### Directions
Word for word, reproduce the listing that follows, excluding any pictures it contains.

━━ Extracted records

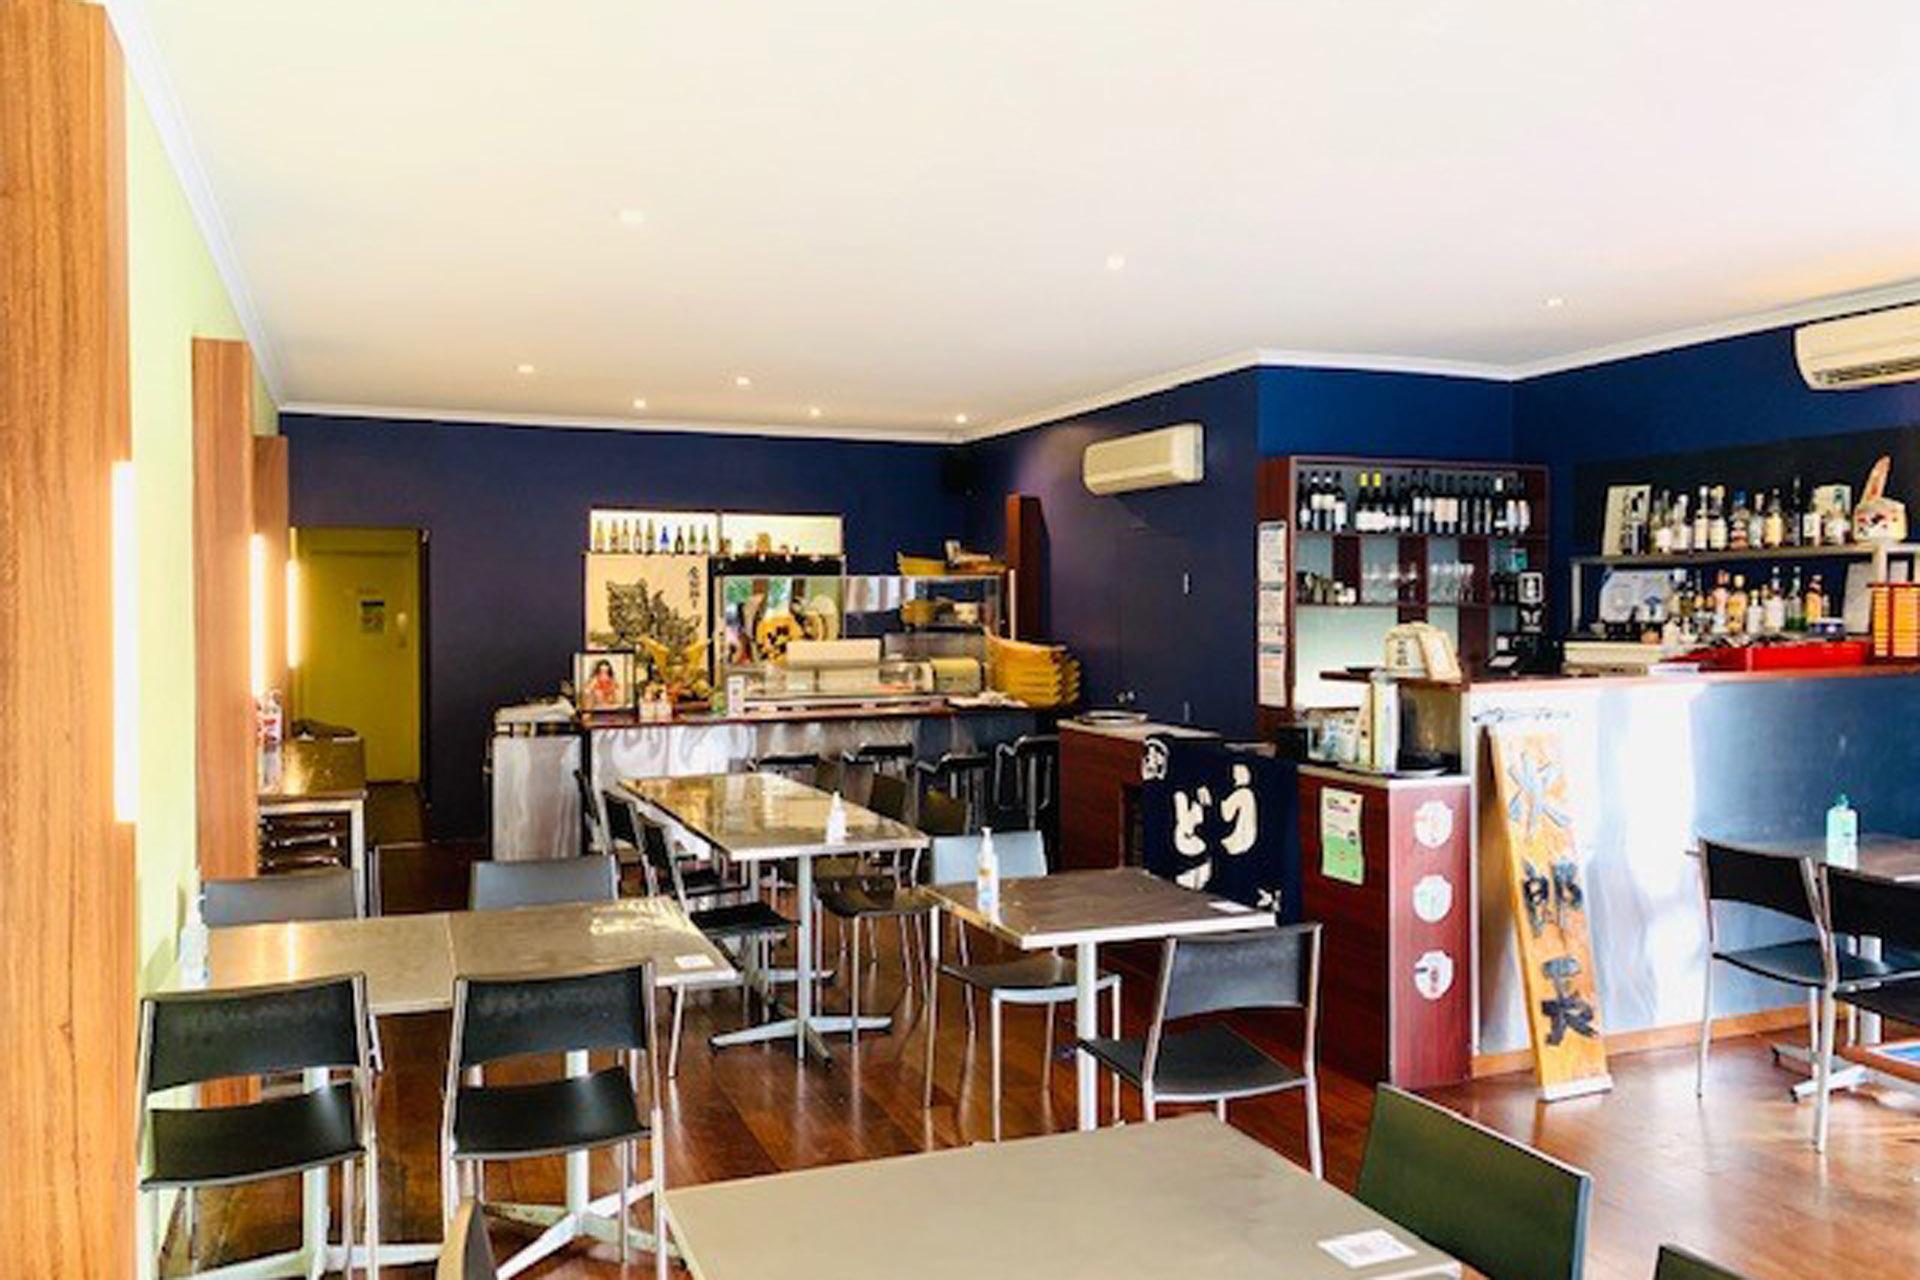 e - Jirochyo Japanese Bar & Restaurant
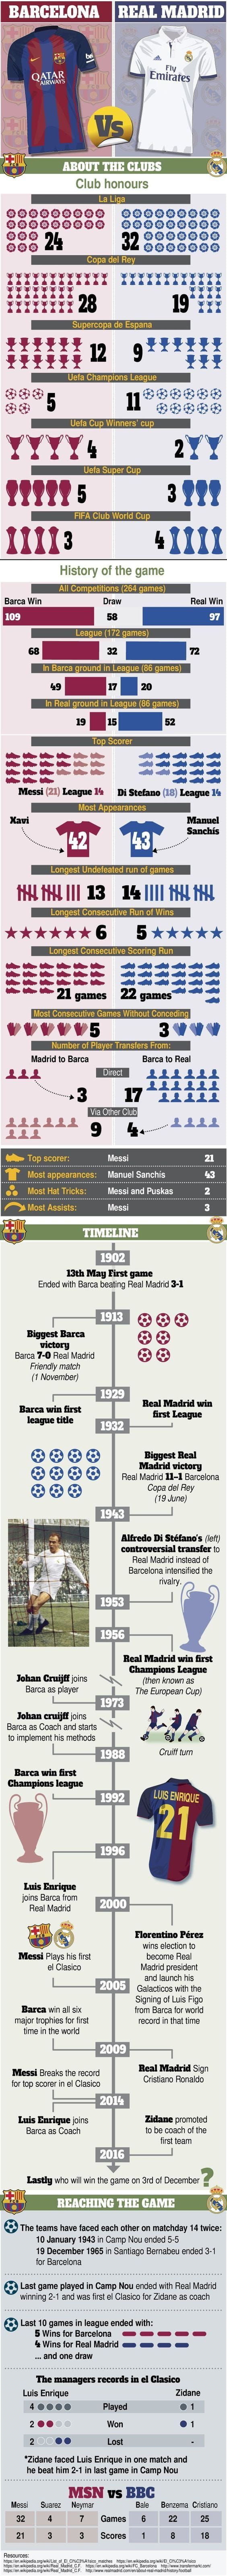 Living And Teaching English In Spain Habits Customs Ittt Barcelona Vs Real Madrid Real Madrid Madrid
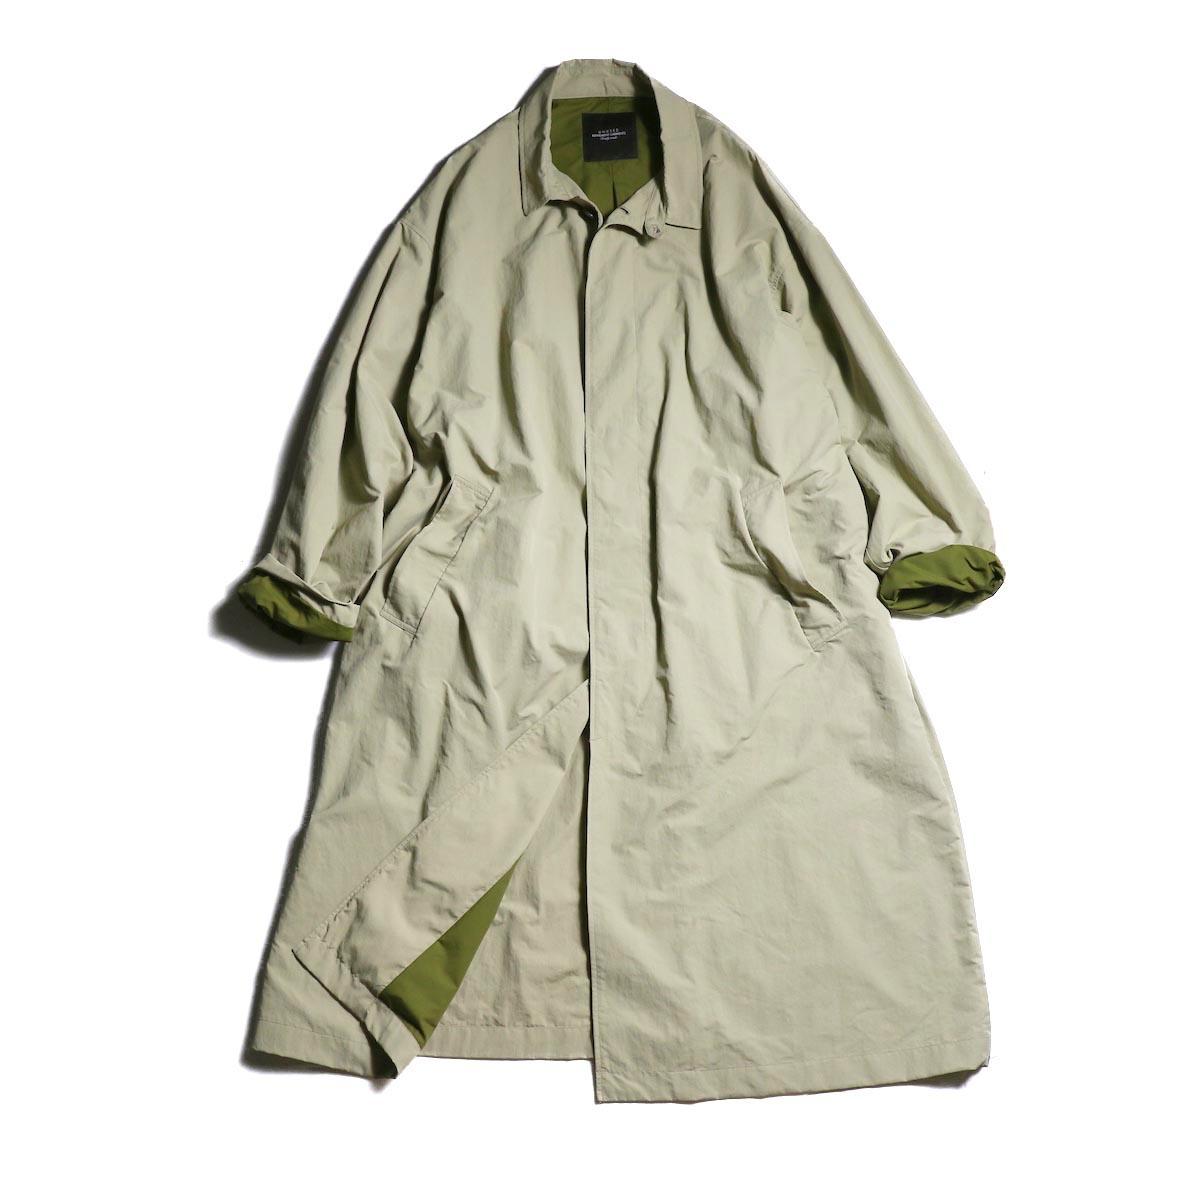 UNUSED / US1670 Nylon Coat. (Beige)
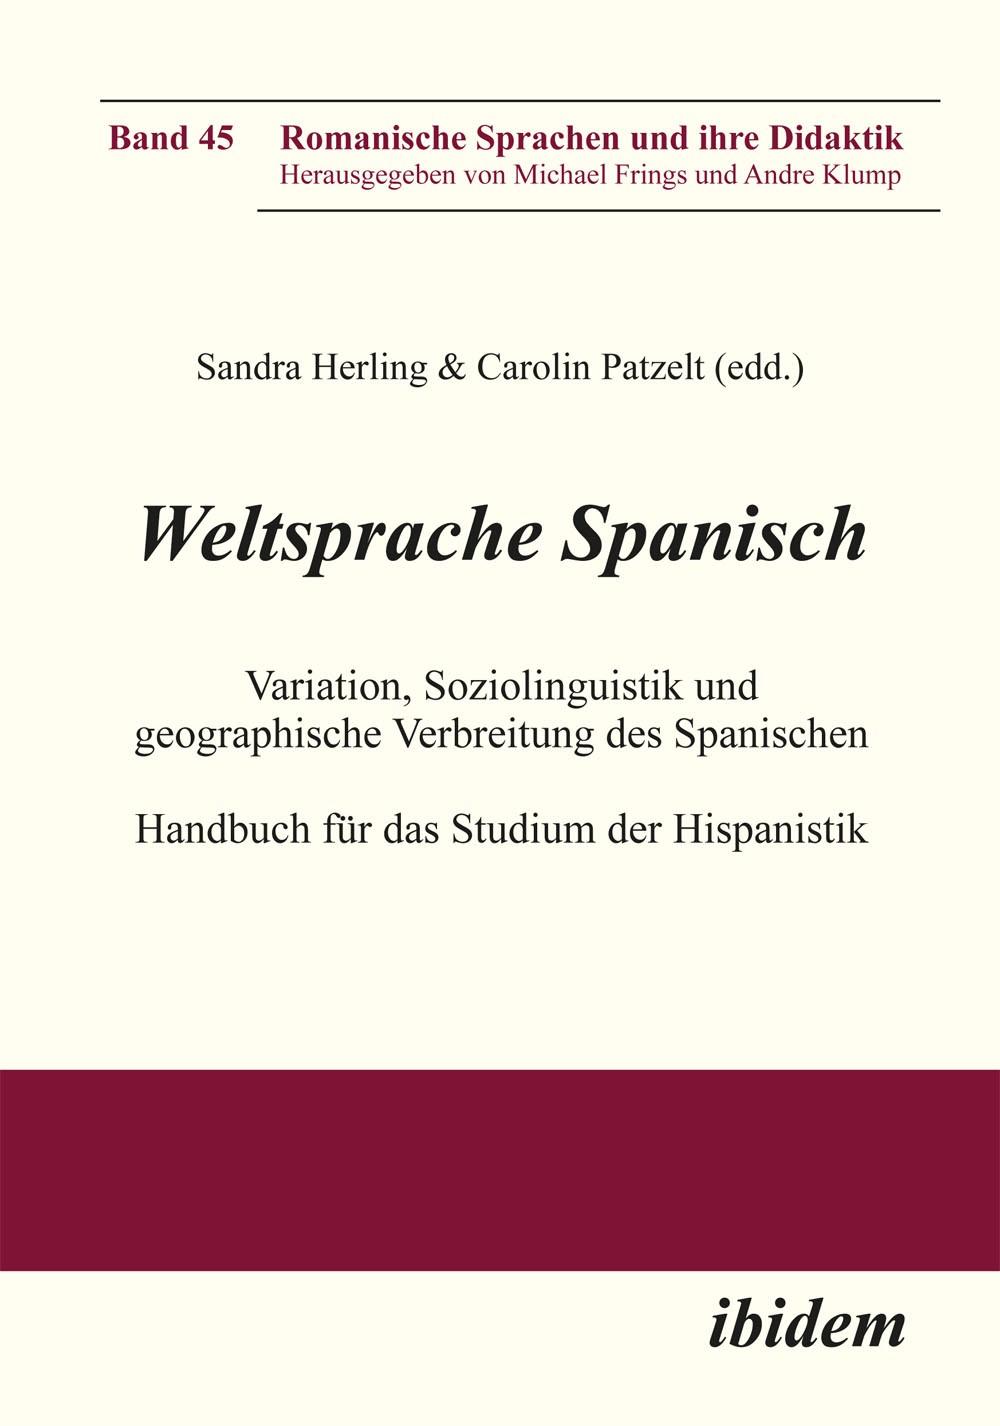 Weltsprache Spanisch
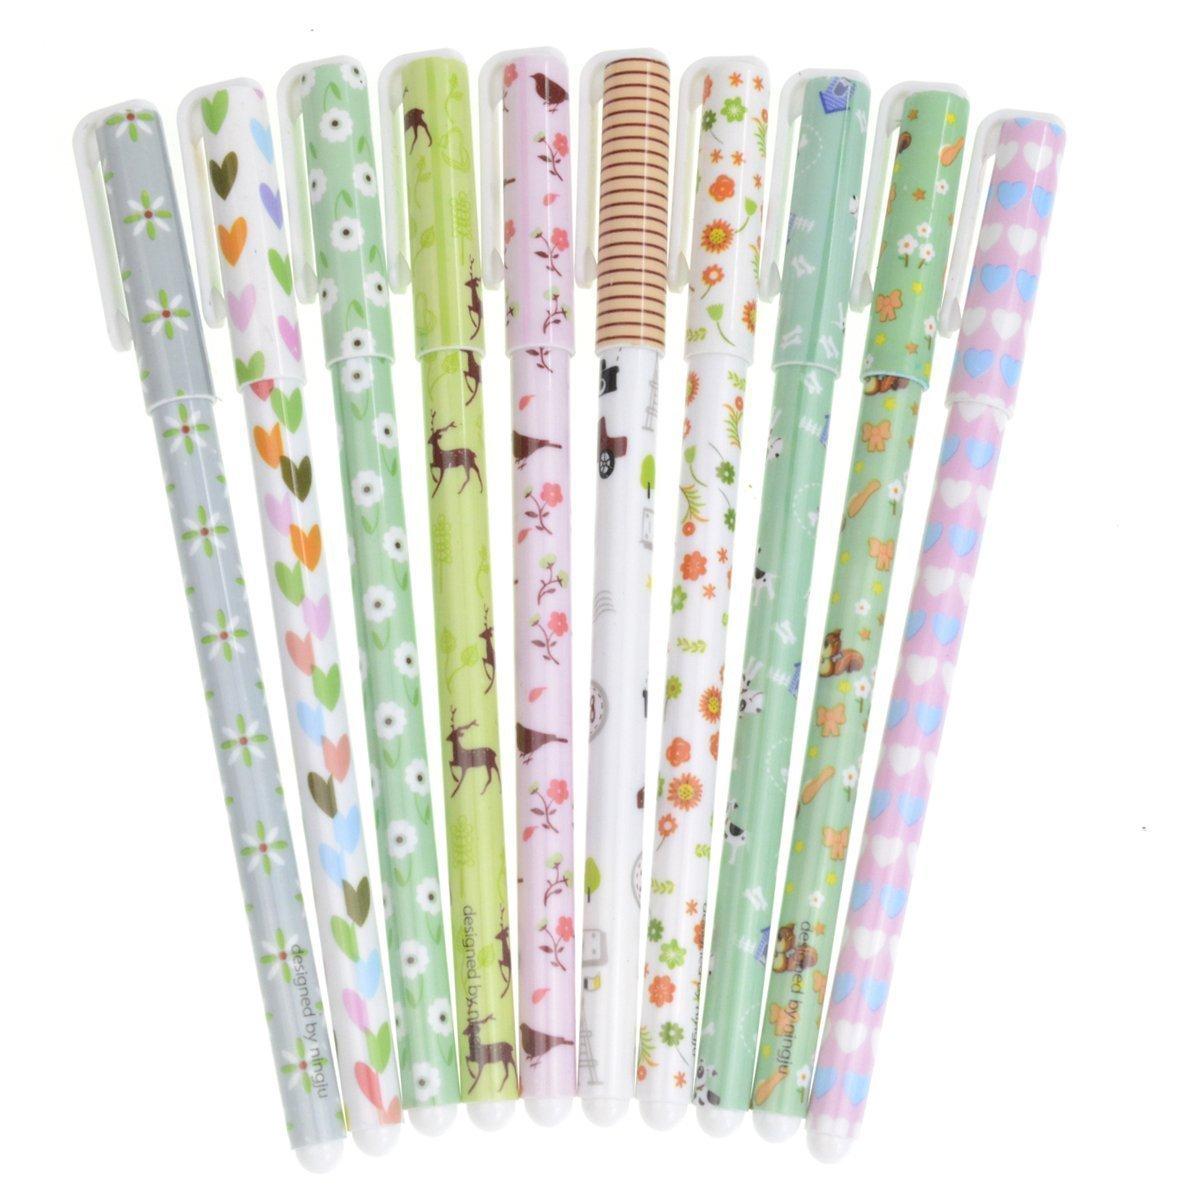 LEFV™ Premium Gel Ink Roller Ball Pens Fine Point Assorted Colors 10 Pack Set Cute Korean Cartoon Floral Pin Type Wholesale Kawaii Stationery for Office Student Girls Boys Teens Artist

━━━━

### Written solution
 e - Jirochyo Japanese Bar & Restaurant
 Living And Teaching English In Spain Habits Customs Ittt Barcelona Vs Real Madrid Real Madrid Madrid
 UNUSED / US1670 Nylon Coat. (Beige)
 Weltsprache Spanisch
 LEFV™ Premium Gel Ink Roller Ball Pens Fine Point Assorted Colors 10 Pack Set Cute Korean Cartoon Floral Pin Type Wholesale Kawaii Stationery for Office Student Girls Boys Teens Artist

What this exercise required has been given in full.